The FILTER_UMIS stage analyzes the distribution of reads per UMI, to determine a threshold for 'real' UMIs that likely result from correct cDNA production and enrichment, vs 'bad' UMIs that may result from error processes in the assay.

Assembly

The ASSEMBLE_VDJ stage performs de novo assembly of reads from each Cell Barcode independently. The assembler will downsample input reads to an average of 400 reads/UMI to avoid artifacts caused by extremely high coverage. The assembler only uses reads from UMIs that pass the FILTER_UMIS reads per UMI threshold and are detected as V(D)J reads by the FILTER_VDJ_READS stage.
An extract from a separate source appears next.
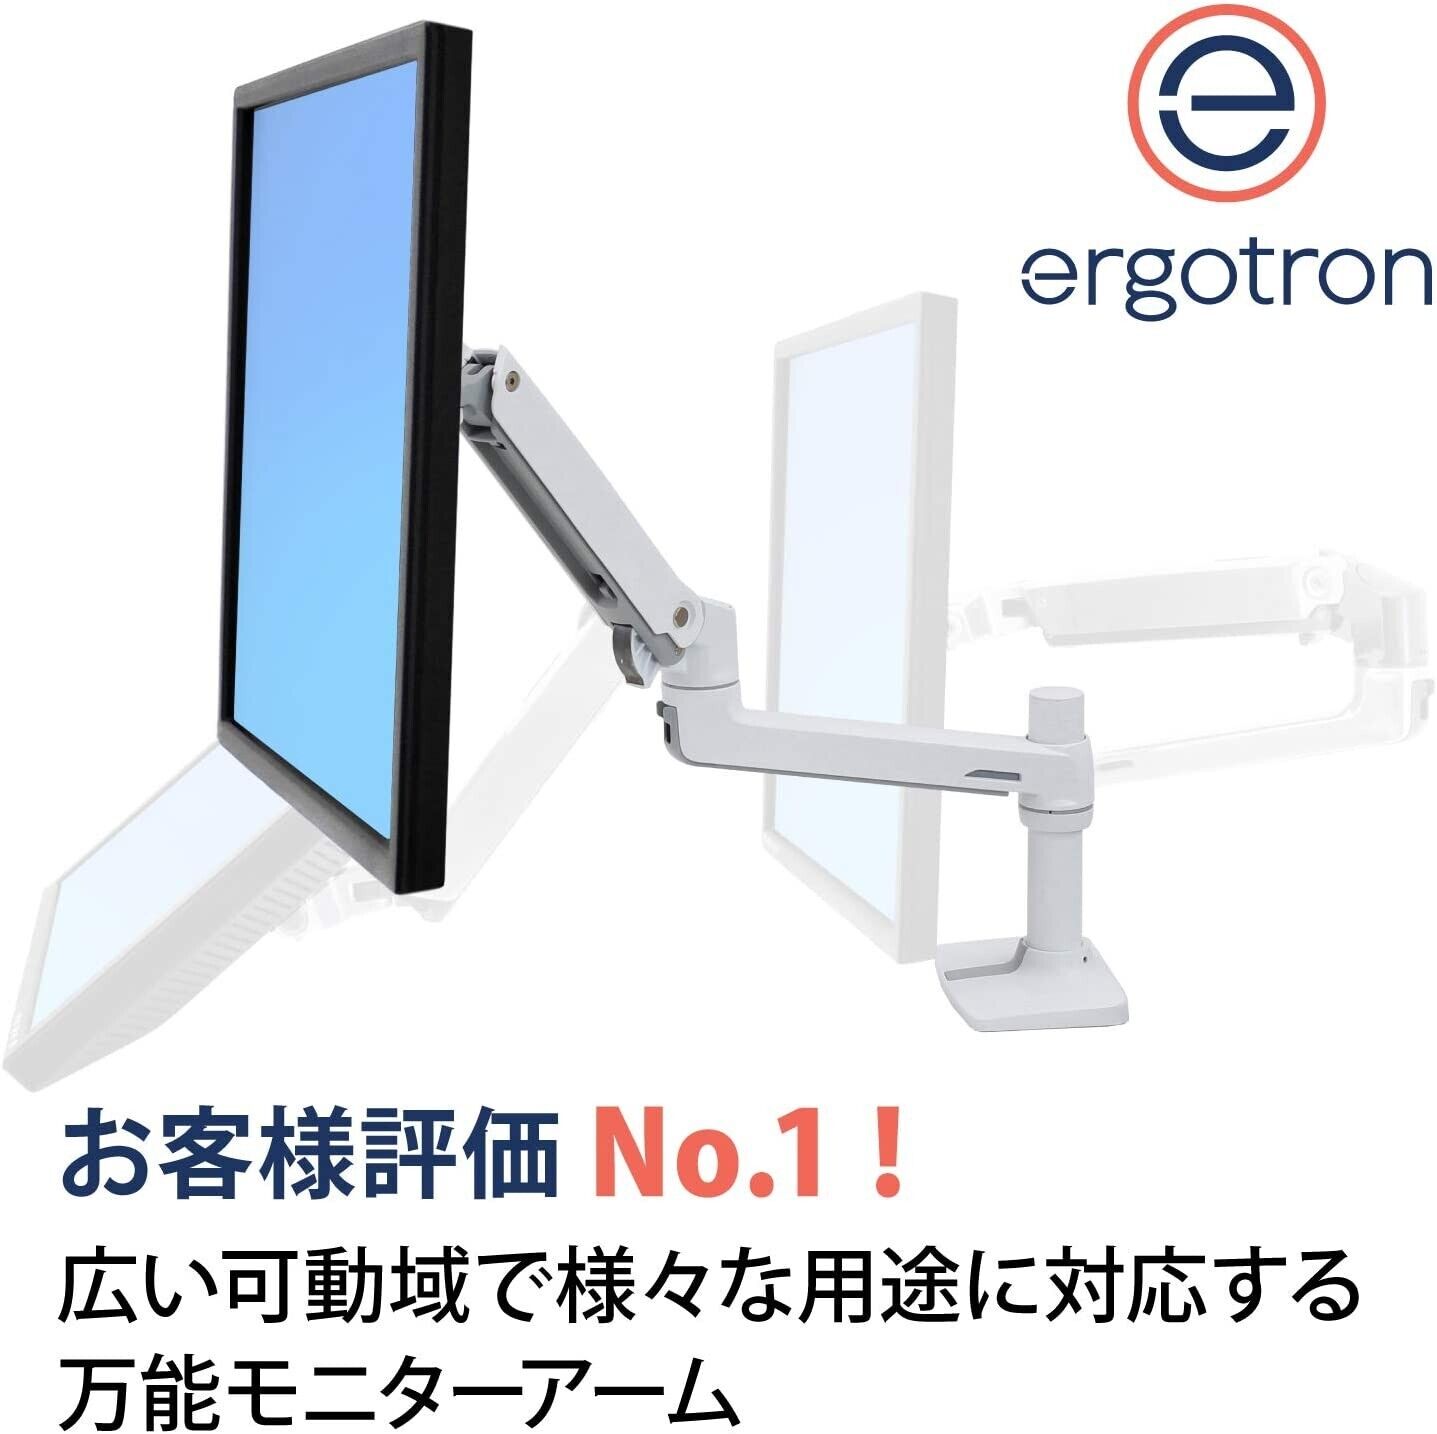 Ergotron LX Desk Monitor Arm White Up to 34 inches (3.2-11.3kg) 45-490-216 New

The assembly algorithm is outlined here:

  1. Build a De Bruijn graph (K=47) of the sequences in the set of accepted read pairs. A kmer must be included in 2 or more reads to be included in the graph. Track the number of reads and UMIs that contained each kmer in the graph.
  2. Sort graph nodes by UMI support.
  3. Get the best-supported node, and find "high quality" paths from that node, extending in both directions. "High quality" means that branched paths are followed only if the branching base has at least some minimum quality.
  4. Invalidate all nodes on or near the returned paths.
  5. If all nodes have been invalidated, continue to step 6. Otherwise, find the next best-supported (and not invalidated) node and continue at step 3.
  6. Sort the paths found in Step 3 by read support.
  7. Assign UMIs to paths: start from the strongest path and assign each UMI to that path if the total read score of reads aligned against that path is within score_factor from the total score of reads aligned againt the best path for that UMI.
  8. Remove paths that have no UMIs assigned in Step 7.
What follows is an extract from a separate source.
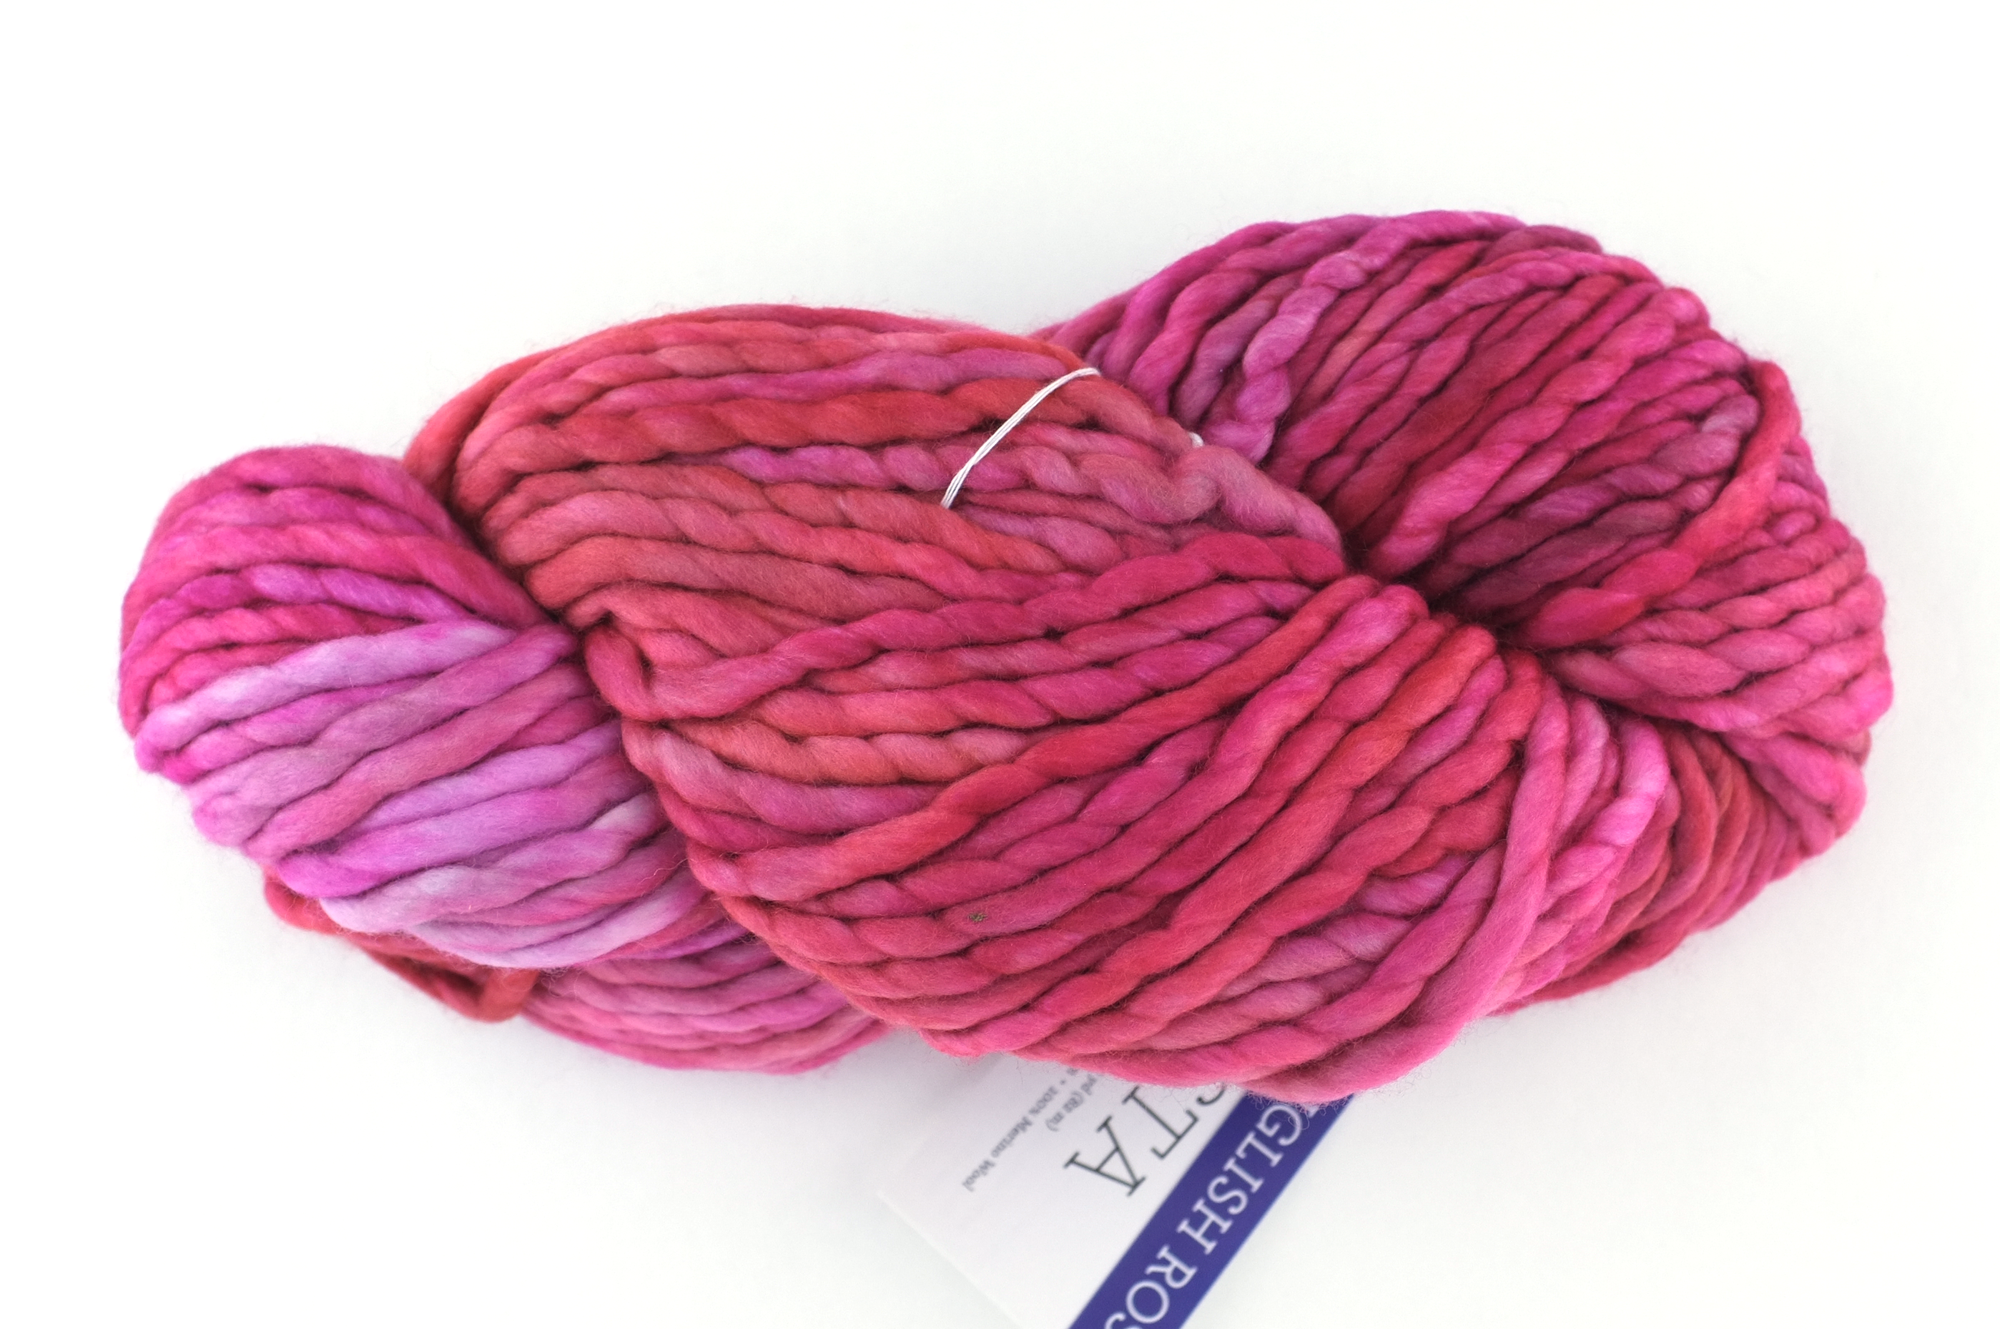 Malabrigo Rasta in color English Rose, Merino Wool Super Bulky

Each of the supported paths through the De Bruijn graph in Step 8 are emitted as contig sequences from the assembler. Input read pairs that contributed to each contig are mapped to the final contig sequence, and emitted in the all_contig.bam output file.

Assembly Quality Values

Each base in the assembled contigs is assigned a Phred-scaled Quality Value (QV), representing an estimate of the probability of an error at that base. The QV is assigned with a hierarchical model that accounts for the errors in reverse transcription (RT), that will affect all reads with the same UMI, and sequencing errors which affect individual reads. The sequencing error model uses the reported sequencer QVs. At recommended sequencing depths, many reads per UMI are observed, so sequencing errors in individual reads a corrected rapidly. We estimate that the V(D)J RT reaction has error rate of 1e-4 per base, so assembled bases that are covered by a single UMI will be assigned Q40, and bases covered by >= 2 UMIs will be assigned Q60.